The Minister further listed key programmes and activities supporting AI and related dependencies in Scotland. These included ‘Launching AI Scotland as a national change programme to encourage investment in, and adoption of, AI across the economy,’ supporting sectoral clusters in areas including ‘FinTech, GovTech, MedTech,’ and transformational technologies including ‘quantum, photonics, and AI.’ He also referred to ‘continued investment in digital infrastructure’ and support for ‘Scottish businesses, the third sector, and other organisations to enhance their cyber resilience.’ Finally, he noted that ‘a refreshed National AI Strategy was published on 20 March’ and encouraged review of the new publication. These points are important because they show that the Scottish Government’s response did not reject the premise of the briefing. Instead, it located the issue within a wider developing policy and delivery landscape.

Conclusion

This correspondence can be summarised as a constructive and appreciative policy exchange. AIJurium raised the need to consider practical AI compliance and assurance capacity in Scotland, especially in relation to generative AI adoption, organisational customisation, accountability, and EU interoperability. Keith Brown MSP formally referred the issue to the Minister for Business and Employment, and the Minister confirmed that Scottish Government AI policy officials had considered the points and provided coordinated advice.
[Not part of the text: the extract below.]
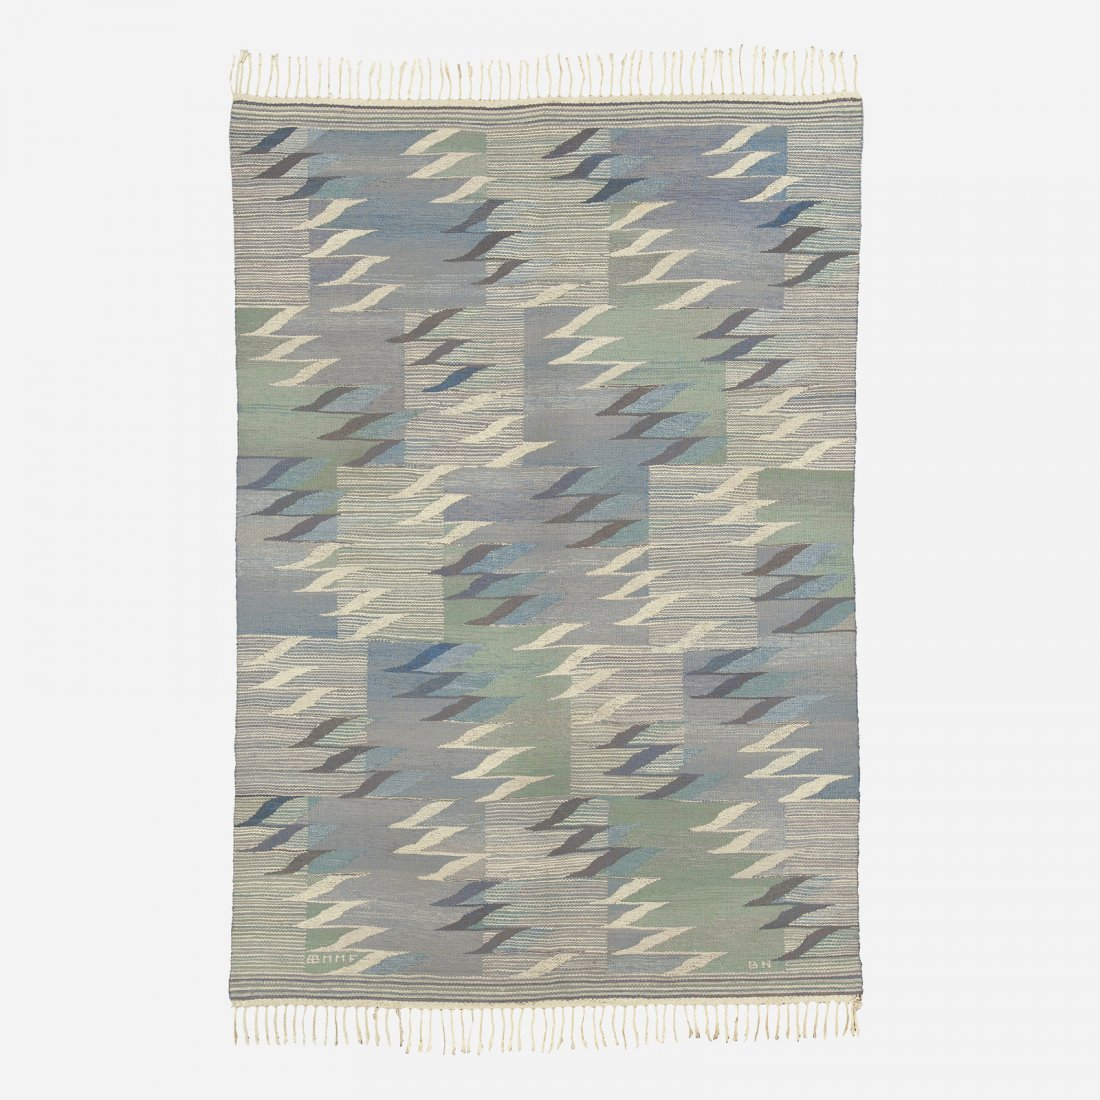 Barbro Nilsson, Snacklosa tapestry weave carpet

The Minister’s recognition of the ‘high-quality insight offered’ is particularly significant, as it confirms that the briefing was received as a serious contribution to Scotland’s AI governance discussion. The response also identifies a useful next direction. Future work could usefully review the current developments identified in the Minister’s response through the lens of the Scotland AI Compliance Framework. This would involve considering how the Scottish AI Register, the Sustainable Digital Public Services Delivery Plan, AI Scotland, the innovation cluster, cyber resilience work, and the refreshed National AI Strategy relate to the assurance and compliance issues raised in the briefing. Such a review could help identify where existing activity already addresses these questions and where AIJurium may be able to offer a more targeted and constructive contribution.